Pesinet: Micro-Insurance for Child Health Services in Mali

Flash animation from Anne Roos-Weil on Vimeo.

A nonprofit organization called Pesinet is using mobile phones and a basic java application to change the way that children are treated within the healthcare system in Mali. Though the system is basic enough--healthcare agents provide weekly checkups on children and relay the weekly results through a java-enabled application on their mobile phone to a doctor who then reviews the results--- it's strikes at the core barriers which prevent children from receiving healthcare provision in a timely fashion; The organizations founder, Ann Roos-Weil, identifies the three core barriers as: 1) access to healthcare, in many rural areas in Mali families simply do not have access to healthcare resources. 2) family finances, often times the cost of healthcare itself is prohibitively expensive. 3) An attitude towards healthcare and illness itself, often times families in Mali delay treatment until the illness is extremely advanced.

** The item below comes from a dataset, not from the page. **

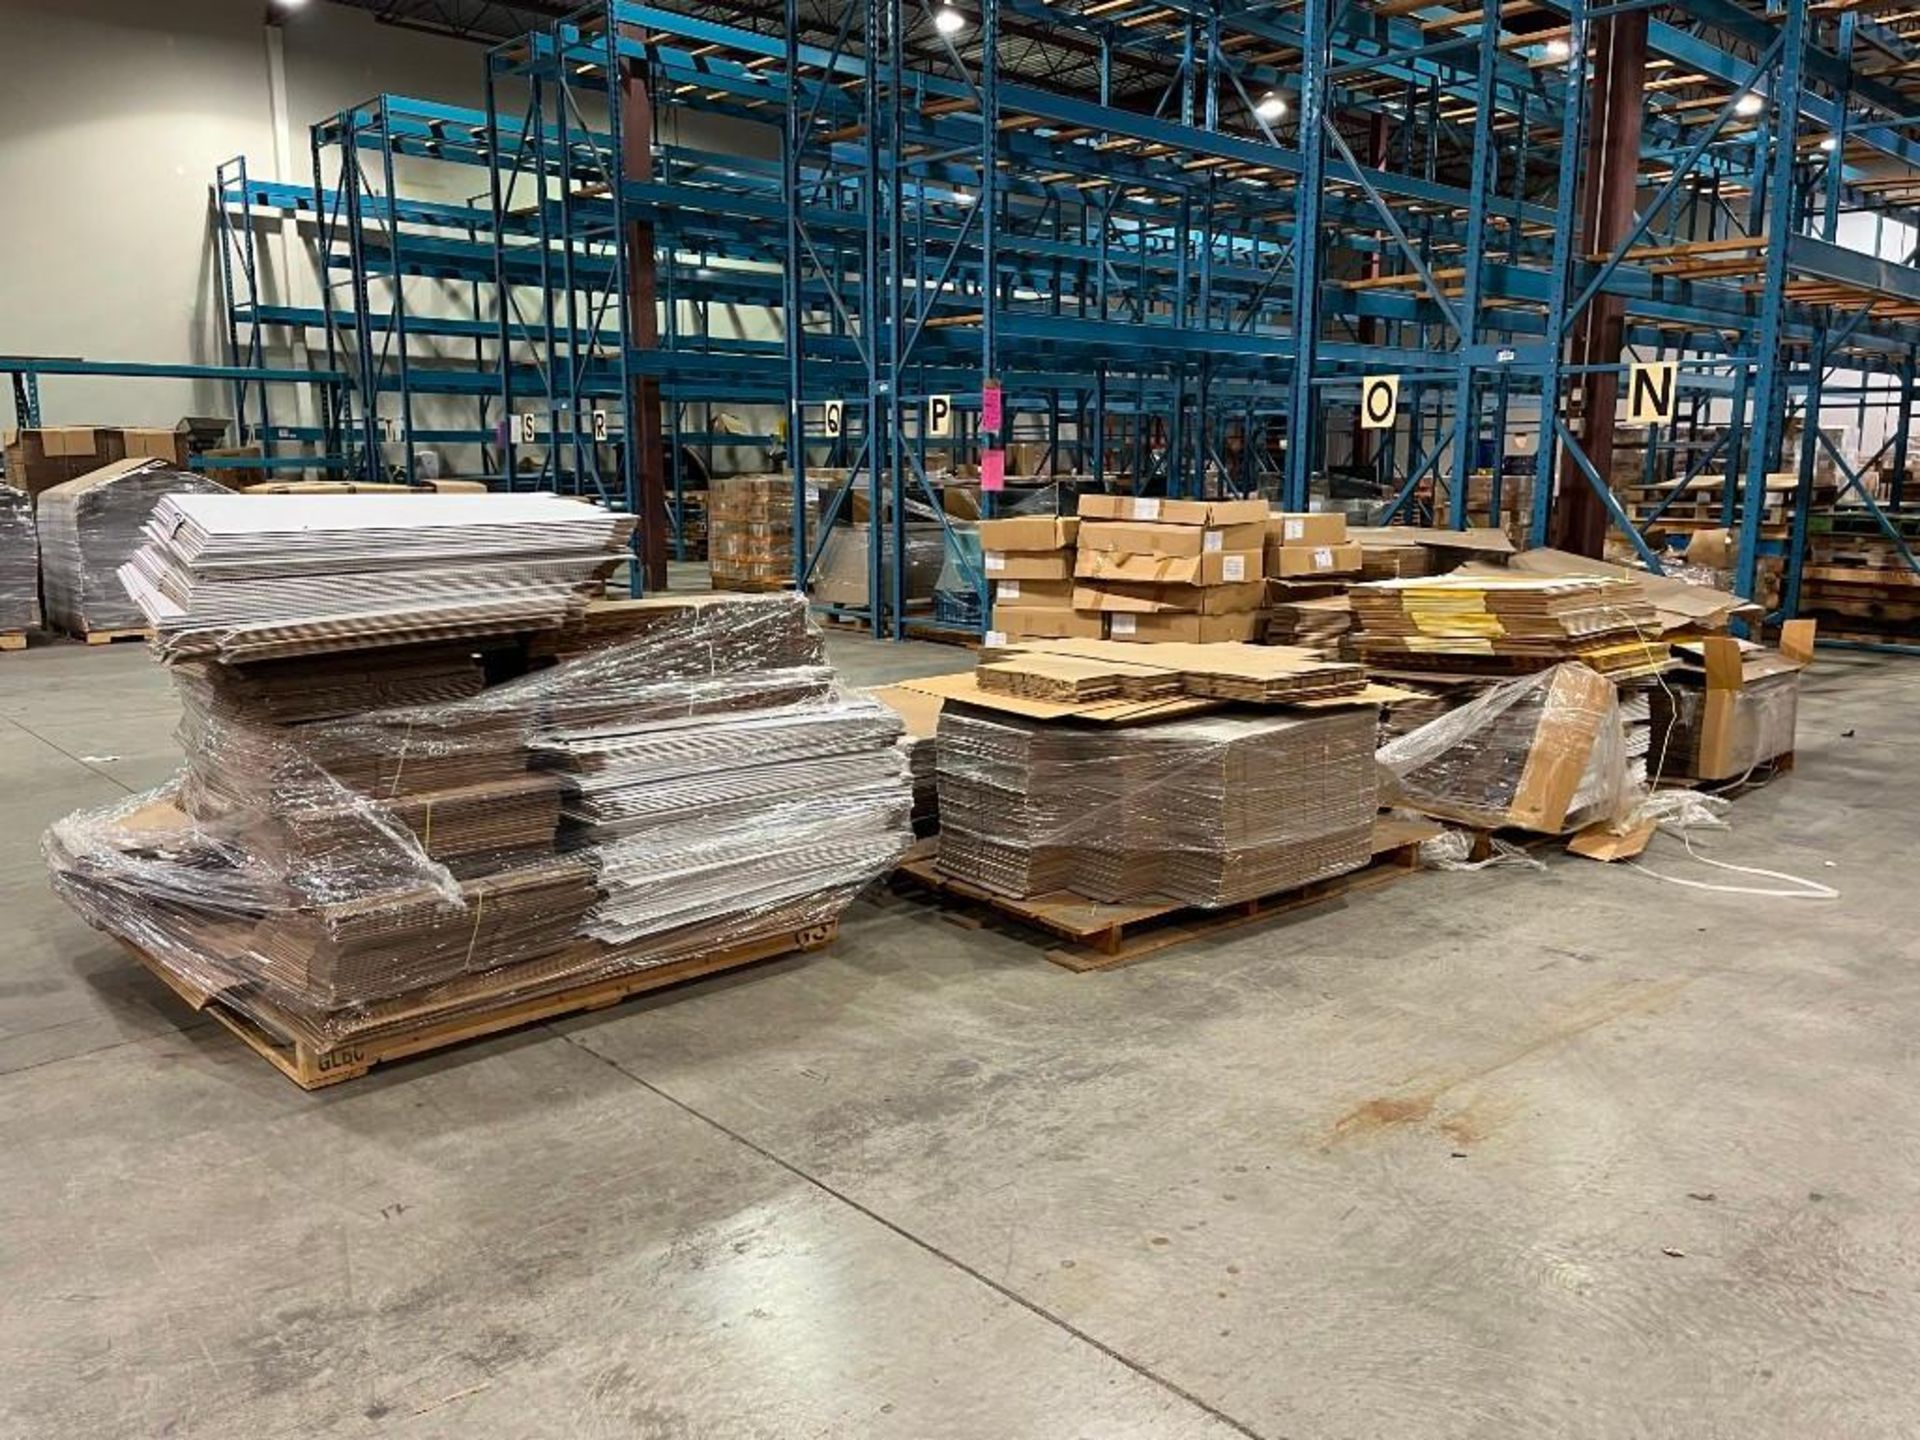 Lot of (7) Pallets Asst. Cardboard Boxes and Plastic Bags.
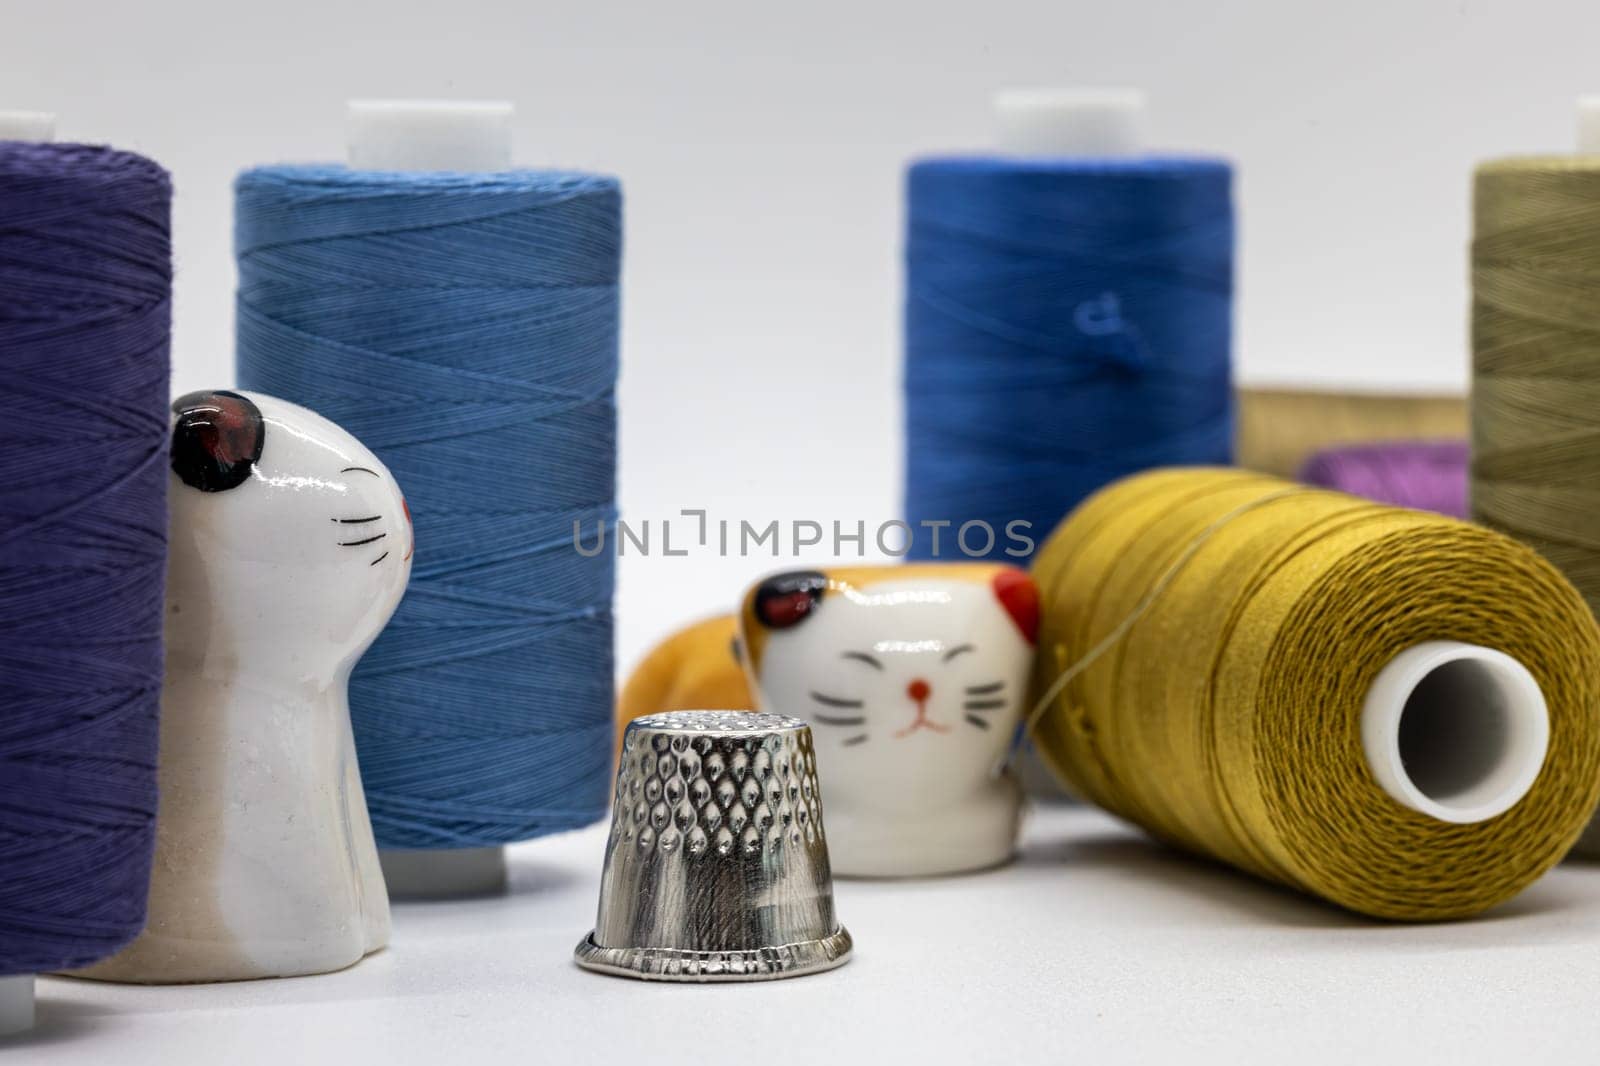 Assorted sewing threads with whimsical cat figurines and metal thimble

As Roos-Weil puts it in rather stark terms: "In Sub-Sahara Africa you have a very, very high child mortality rate. […] In Mali, where our project is based, one child out of five dies before the age of five. What we realized is that they’re mostly dying because they don’t go to the doctor or the healthcare center early enough."

Creatively enough, the Roos-Weil's solution was to devise a system which addressed each barrier individually. Through the Pesinet program, healthcare agents visit villages on a weekly basis and report on the health of a child to a trained physician through their mobile phones. Moreover, the Pesinet system provides a micro-insurance program in which a family pays a monthly 1 euro fee to participate. In effect this covers the cost of the healthcare agents visit, a visit to the doctor if it is deemed necessary and half the cost of medication should any be prescribed. Lastly, the weekly healthcare agent visits prevent families from waiting too long in the case that a child falls violently ill.

Mobile phones have enabled the program to reach many more children than would have otherwise been possible. According to Roos-Weil "What we found useful in mobile technology is mostly a case of efficiency in the way health workers do their work. Because basically, while using mobile technology you can ensure that the agent is having proximity to families, so she can do the home-based check-up while seeing a lot of children in a short time, which allows the doctor to follow up on a great number of children. Mobile technology, in our case, […] allows a model whereby we can touch a great volume of children while using just one doctor."